WASHINGTON - The Biden administration is “exploring ways” to put 19th century abolitionist leader Harriet Tubman on the front of the $20 bill.
White House press secretary Jen Psaki said Monday the Treasury Department is taking steps to resume efforts to put Tubman on the $20 bill.
Former Treasury Secretary in the Obama administration, Jack Lew, had selected Tubman to replace Andrew Jackson, the nation's seventh president, on the currency.
But Tubman's fate had been in doubt since the 2016 presidential campaign, based on critical comments by then-candidate Donald Trump, who branded the move “pure political correctness.”
Trump administration Treasury Secretary Steven Mnuchin did not move forward with the decision.

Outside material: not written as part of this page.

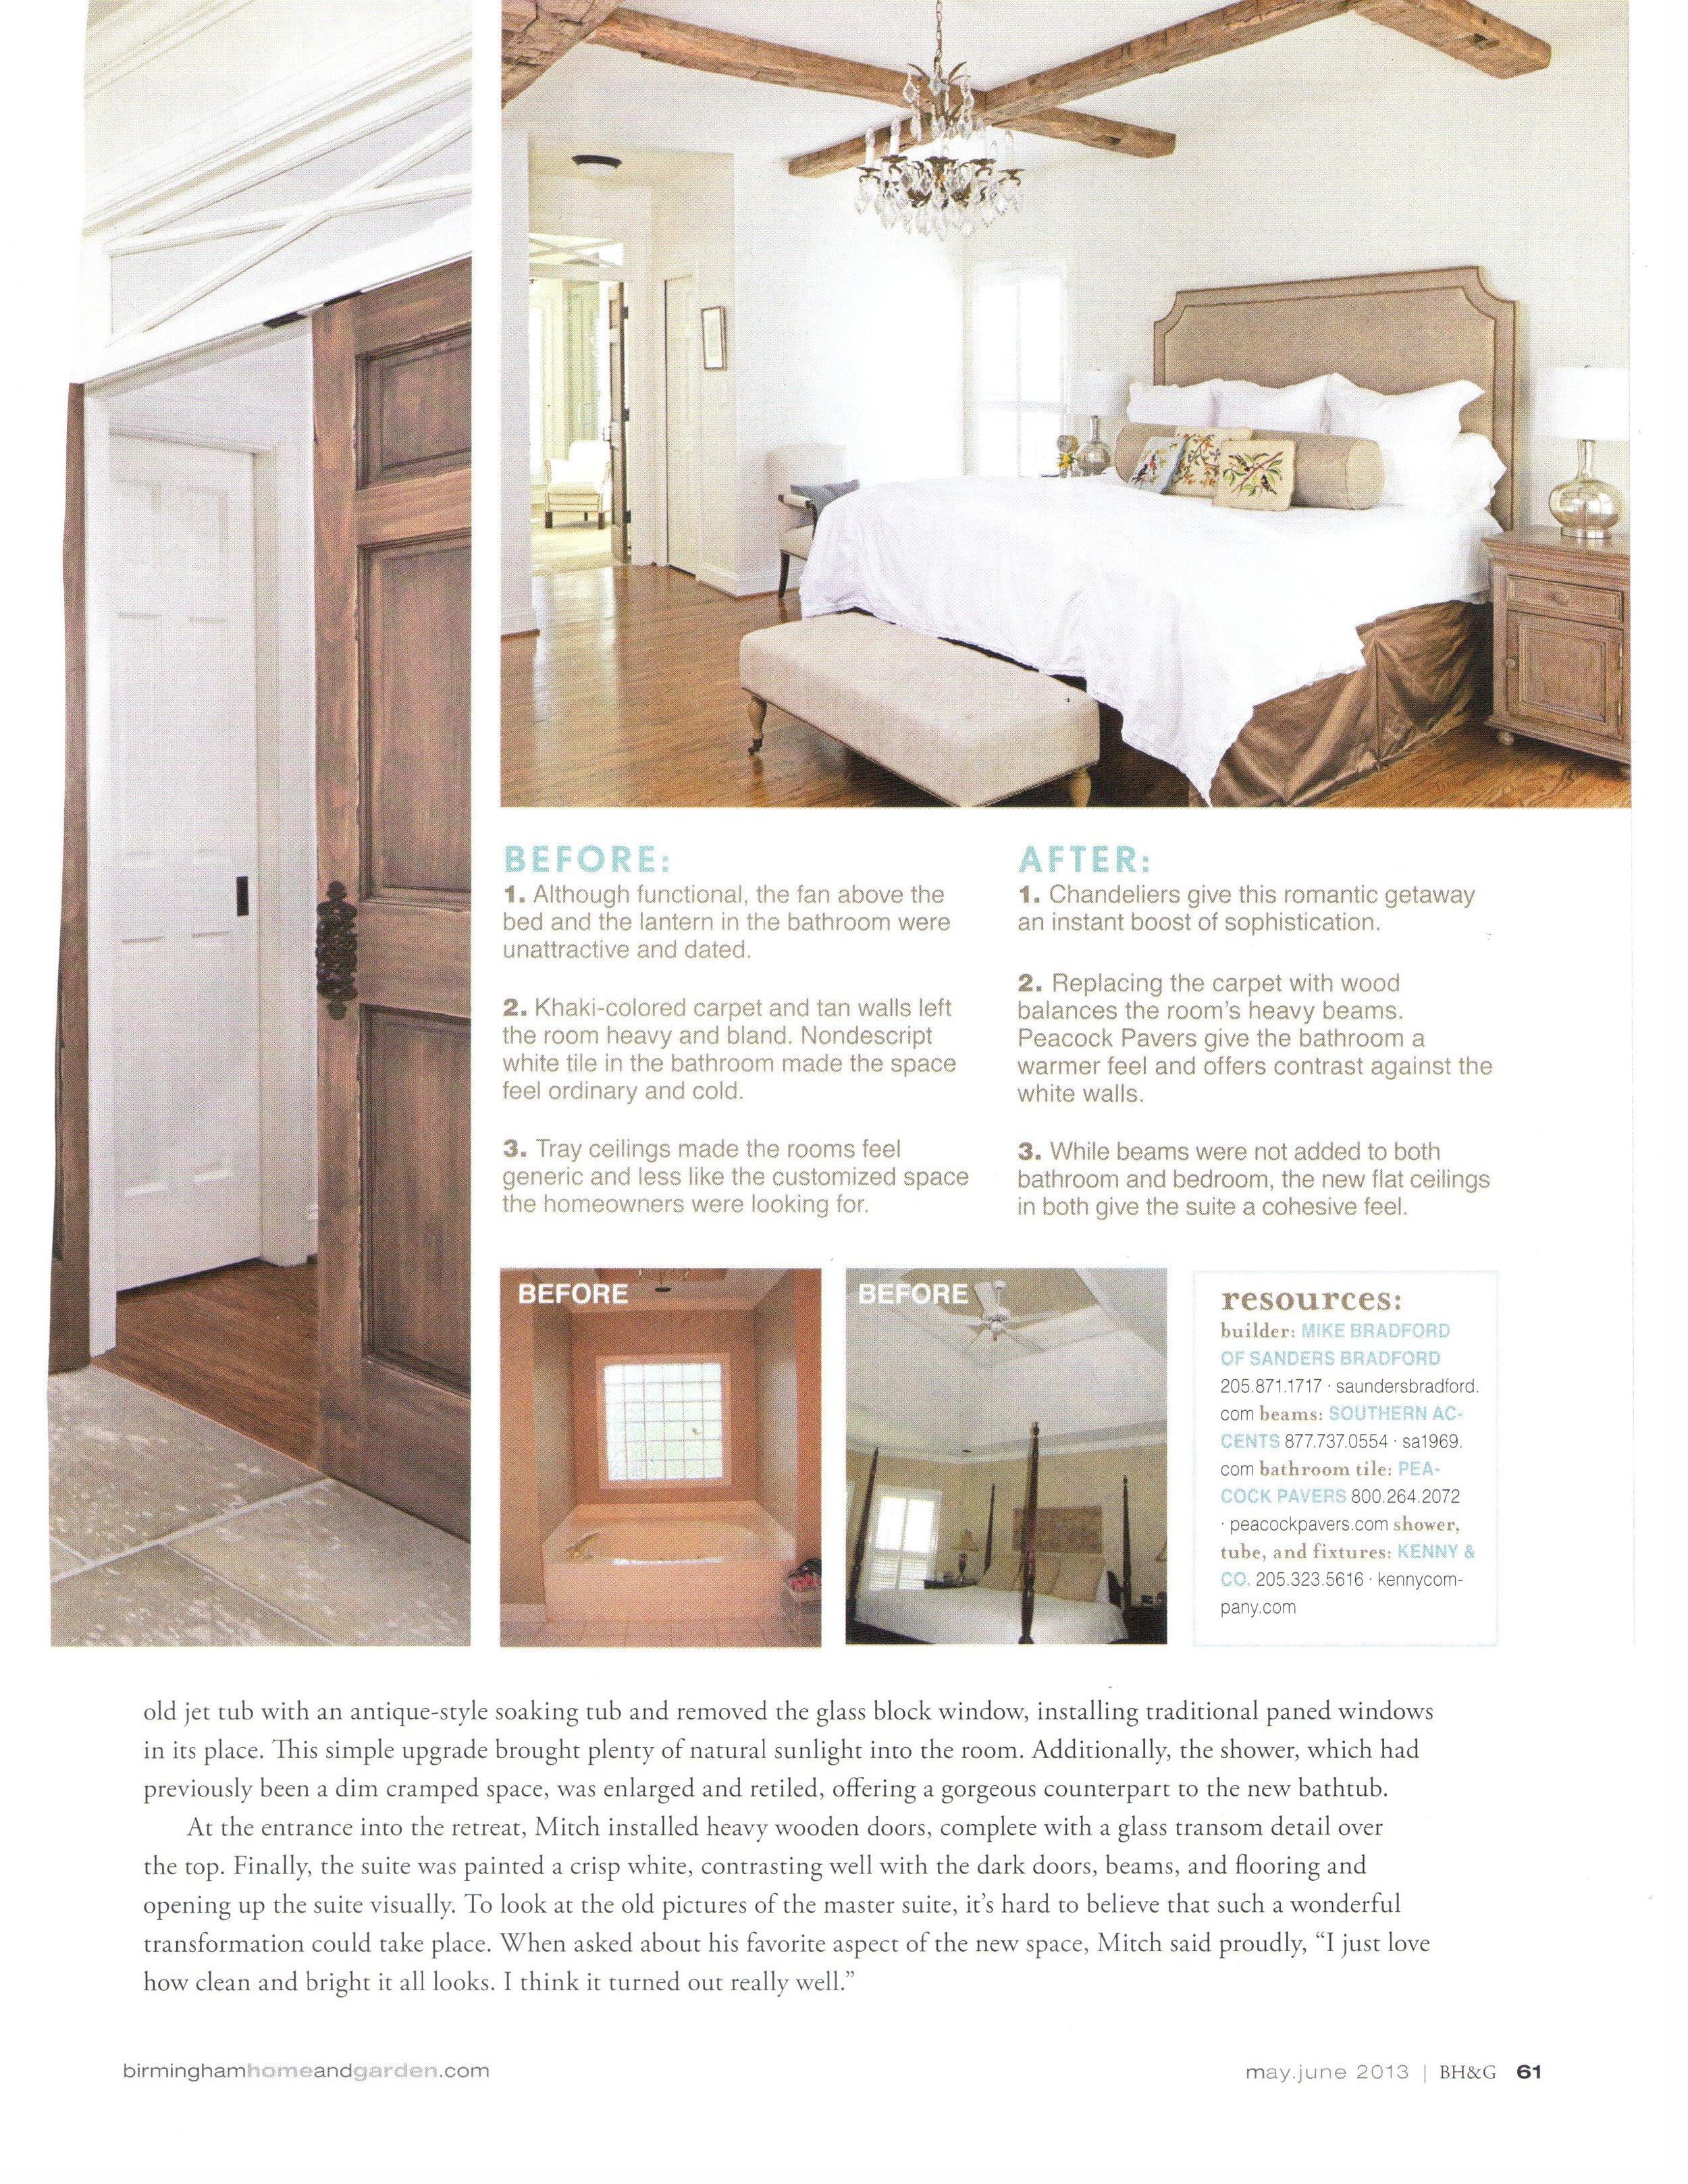 B'Ham Home & Garden Suite Upgrade magazine page 6 architecture exterior and interior design Alabama

Instead, he announced in May 2019 a delay in redesigning the $20 bill in order to first redesign the $10 and $50 bills to improve security features to thwart counterfeiters.

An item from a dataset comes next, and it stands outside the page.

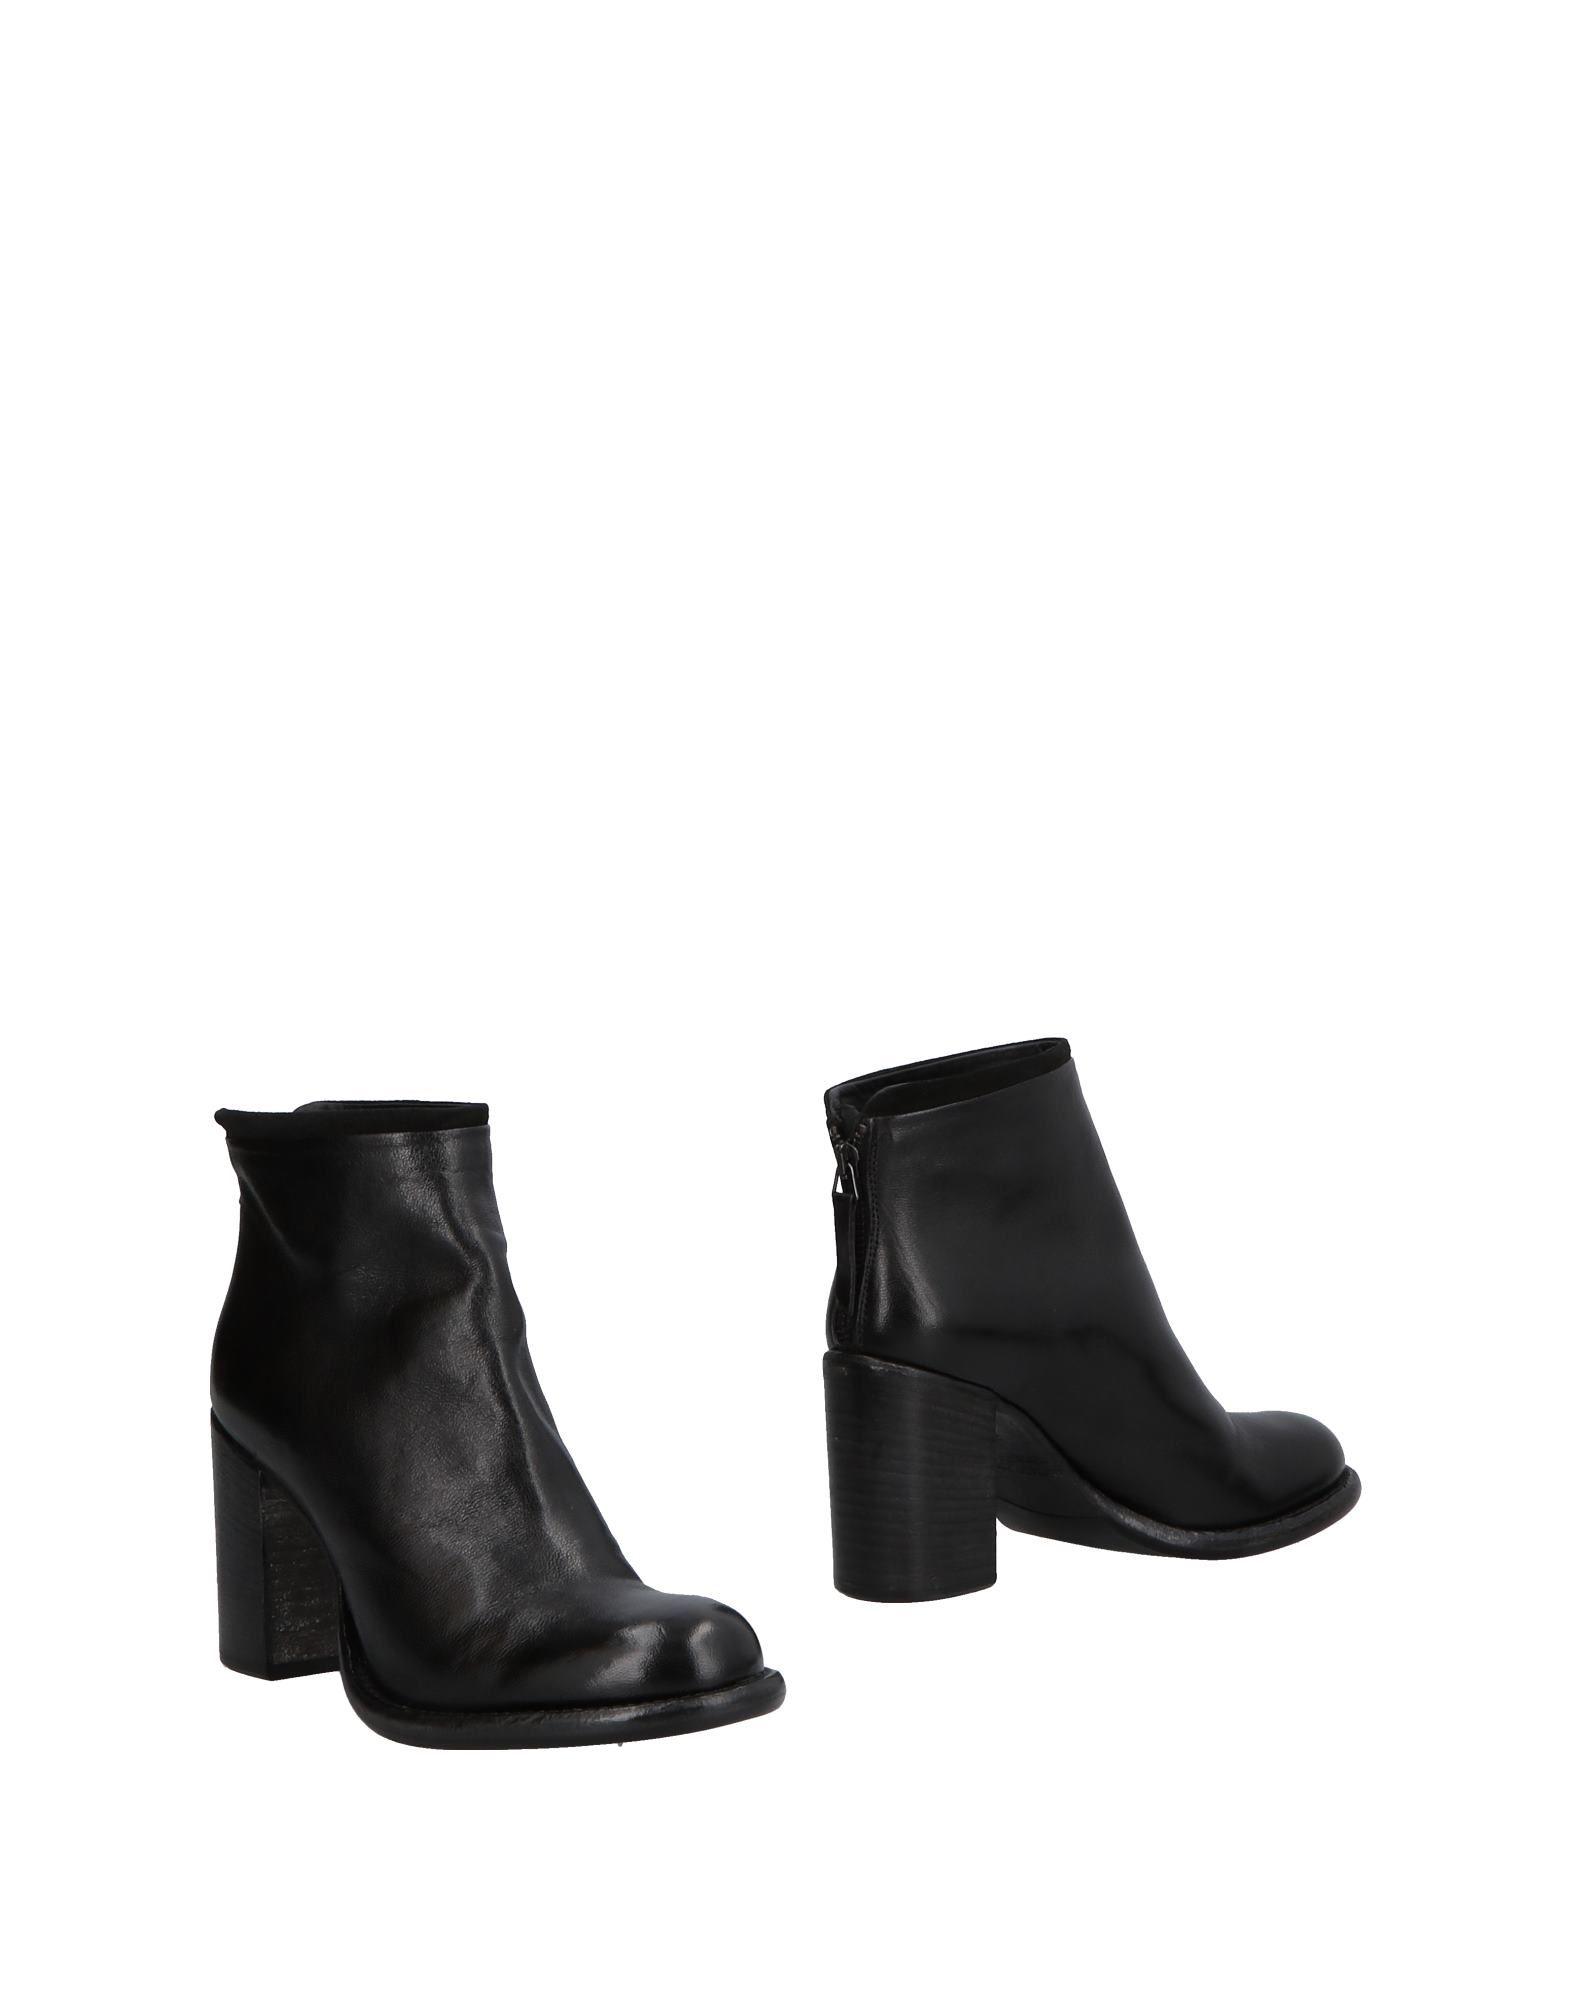 Ernesto Dolani Ankle Boot - Women Ernesto Dolani  Ankle Boots online on  Dolani United Kingdom - 11498936LF 476a09

The unveiling of the redesigned $20 bill featuring Tubman, famous for her efforts spiriting slaves to freedom on the Underground Railroad, had been timed by the Obama administration to coincide with the 100th anniversary of passage of the 19th Amendment giving women the right to vote.
Under the schedule Mnuchin announced in 2019, the redesigned $20 bill would not come out until 2028, with final designs for the bill not announced until 2026.
But Psaki told reporters during a briefing Monday that she and other officials were surprised to hear of the delays. With a change in administrations, she said the Treasury Department was taking steps to accelerate the effort.
“It is important that our ... money reflect the history and diversity of our country, and Harriet Tubman's image gracing the new $20 note would certainly reflect that,” Psaki said. “We are exploring ways to speed up that effort.”
Psaki said specifics on a new timeline for introducing the redesigned currency would be announced when finalized by the Treasury Department. Biden has selected Janet Yellen to be his Treasury secretary, the first woman to hold that position in the department's 232 years.